* [Information given]:
┄┄┄┄┄┄┄┄┄┄┄┄┄┄┄┄┄┄┄┄
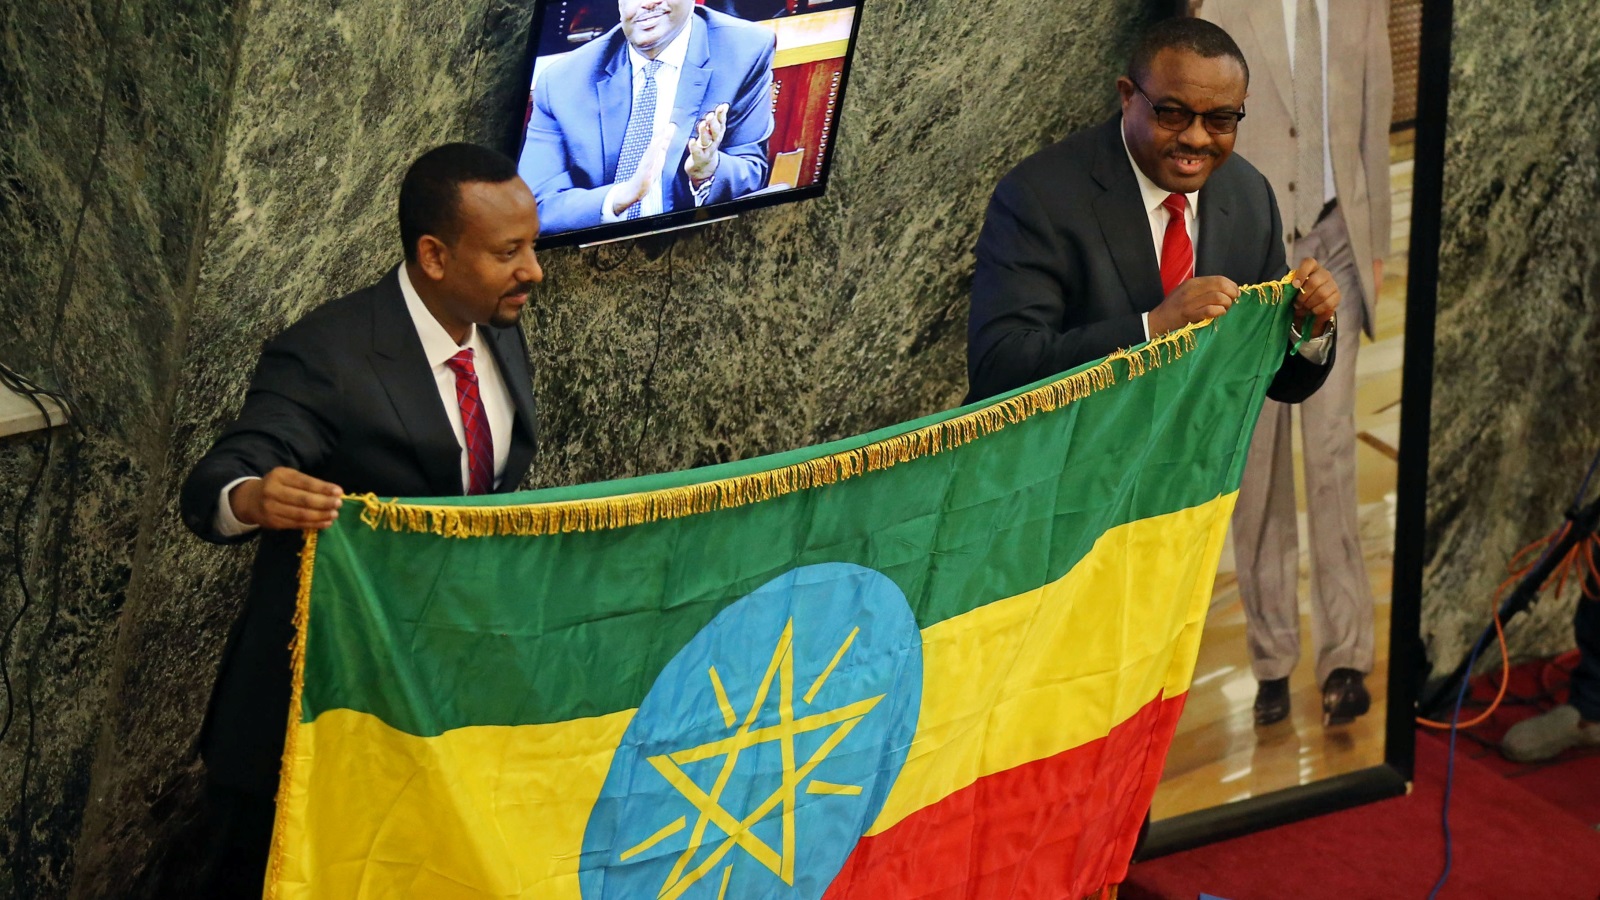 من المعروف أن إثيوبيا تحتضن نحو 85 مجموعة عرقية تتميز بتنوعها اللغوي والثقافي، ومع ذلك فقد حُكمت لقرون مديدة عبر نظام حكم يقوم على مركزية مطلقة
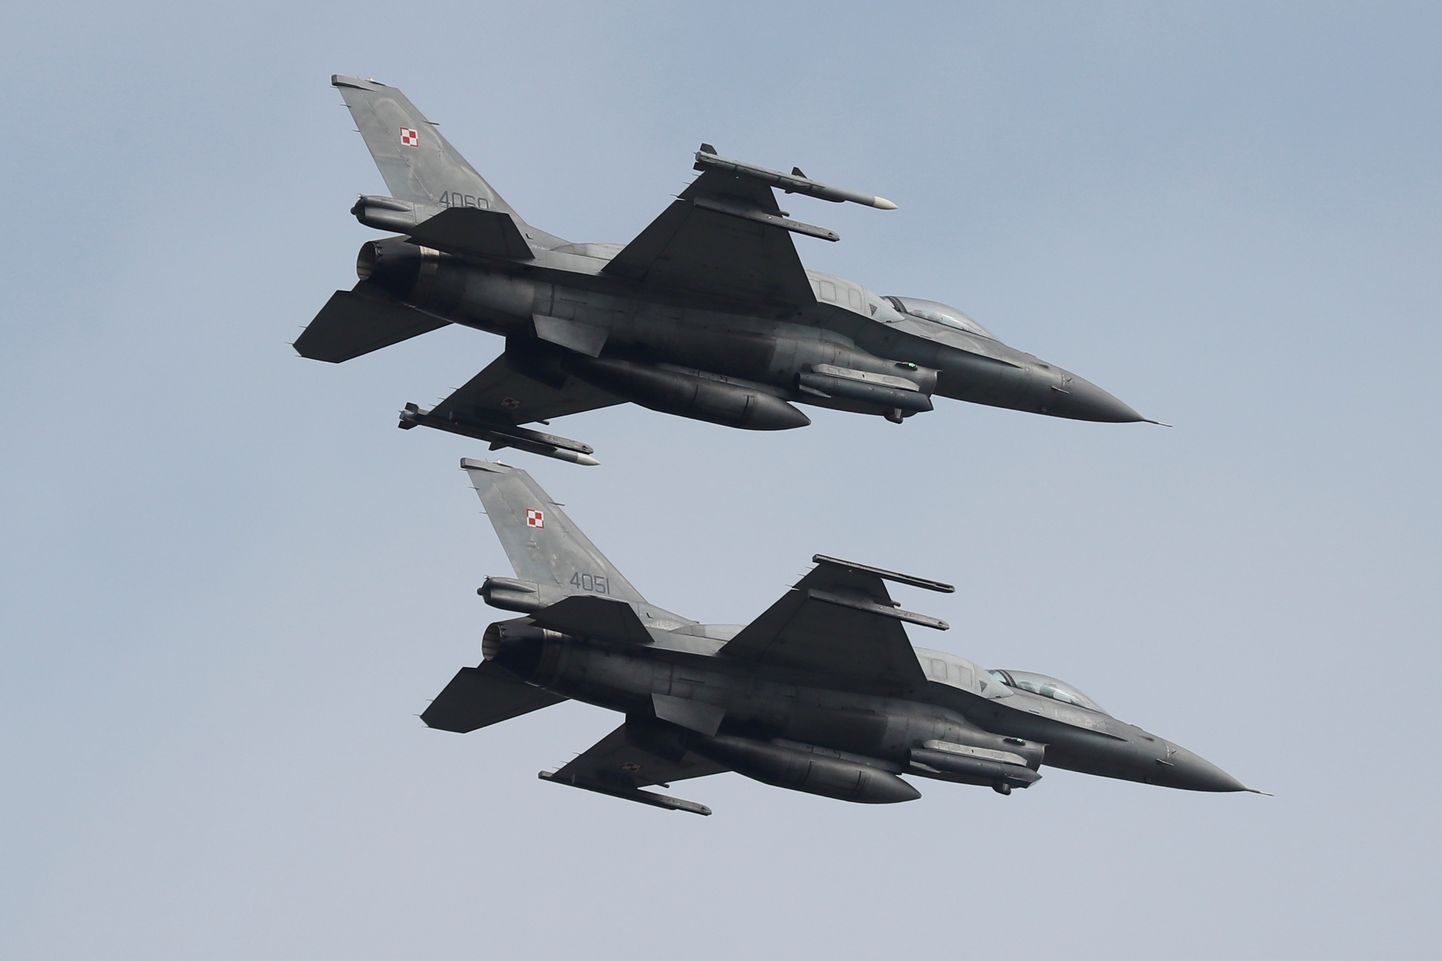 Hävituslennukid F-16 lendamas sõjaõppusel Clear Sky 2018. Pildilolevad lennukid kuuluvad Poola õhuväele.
┄┄┄┄┄┄┄┄┄┄┄┄┄┄┄┄┄┄┄┄
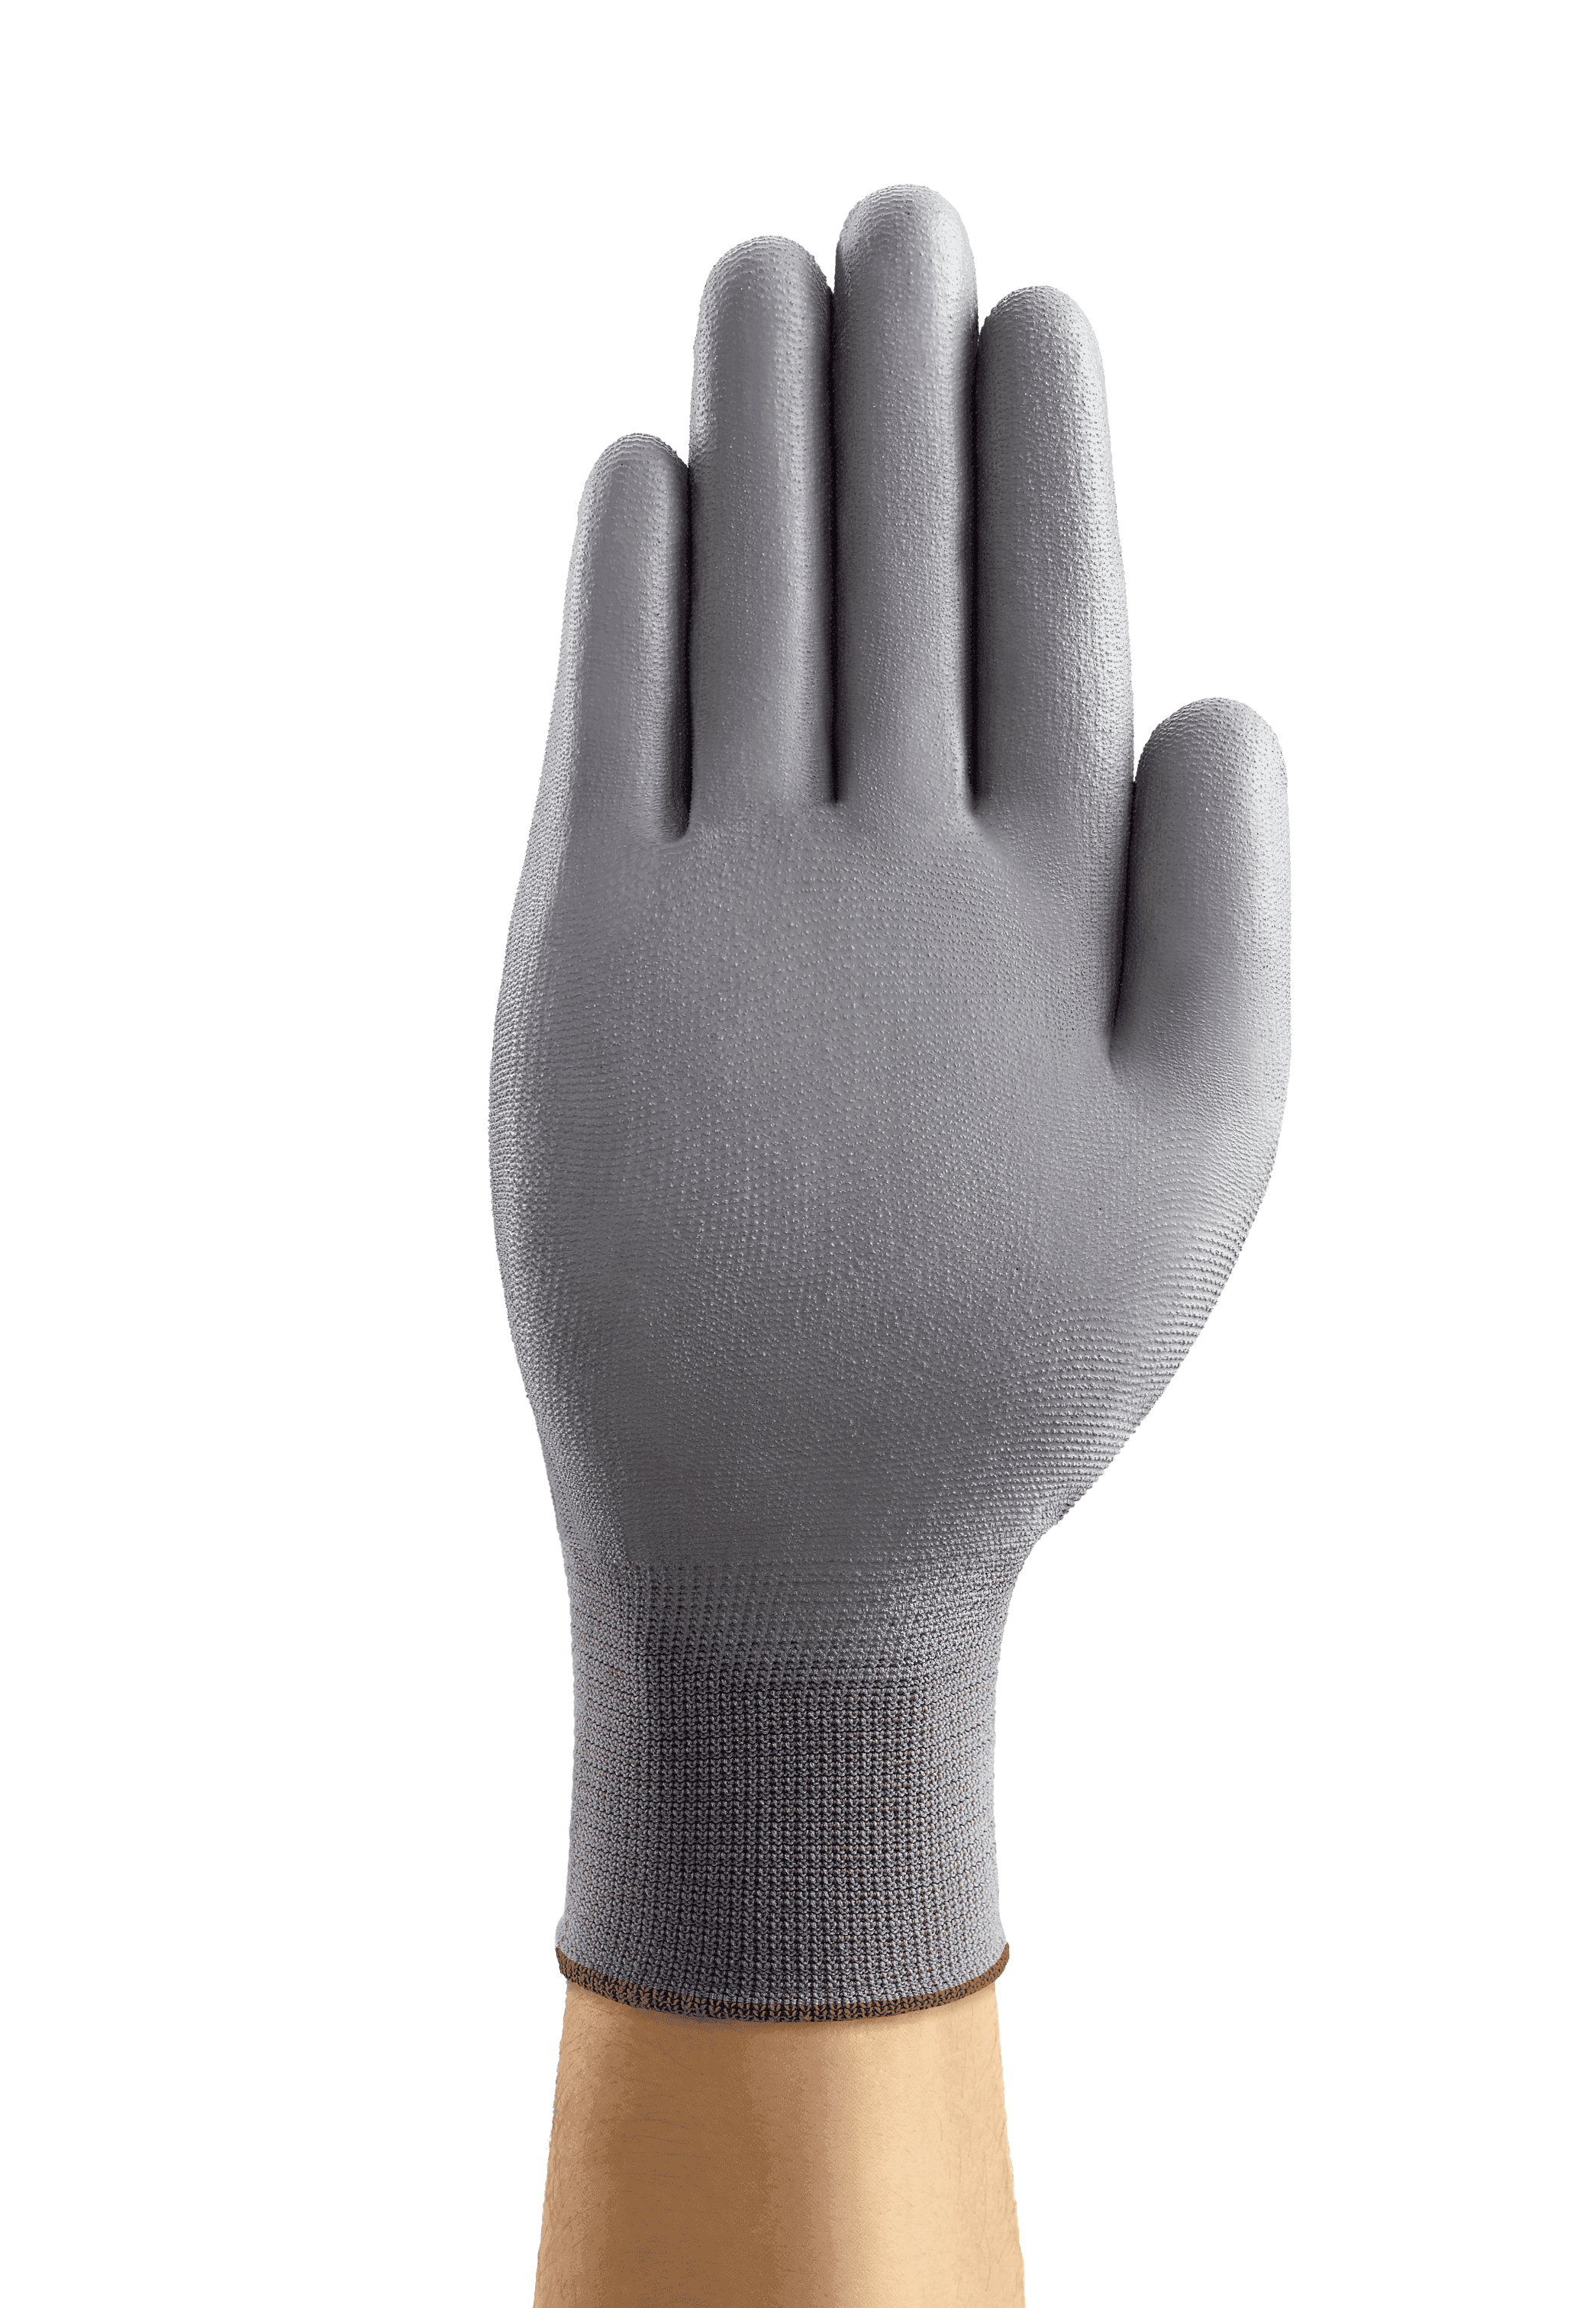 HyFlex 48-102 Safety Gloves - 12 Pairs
┄┄┄┄┄┄┄┄┄┄┄┄┄┄┄┄┄┄┄┄
* [Work to be completed]:
Leave out every picture, and copy exactly the lines above starting at the one holding "من المعروف أن" and ending at the one holding "Hävituslennukid F-16 lendamas", no more and no less.

* [Solution below]:
 من المعروف أن إثيوبيا تحتضن نحو 85 مجموعة عرقية تتميز بتنوعها اللغوي والثقافي، ومع ذلك فقد حُكمت لقرون مديدة عبر نظام حكم يقوم على مركزية مطلقة
 Hävituslennukid F-16 lendamas sõjaõppusel Clear Sky 2018. Pildilolevad lennukid kuuluvad Poola õhuväele.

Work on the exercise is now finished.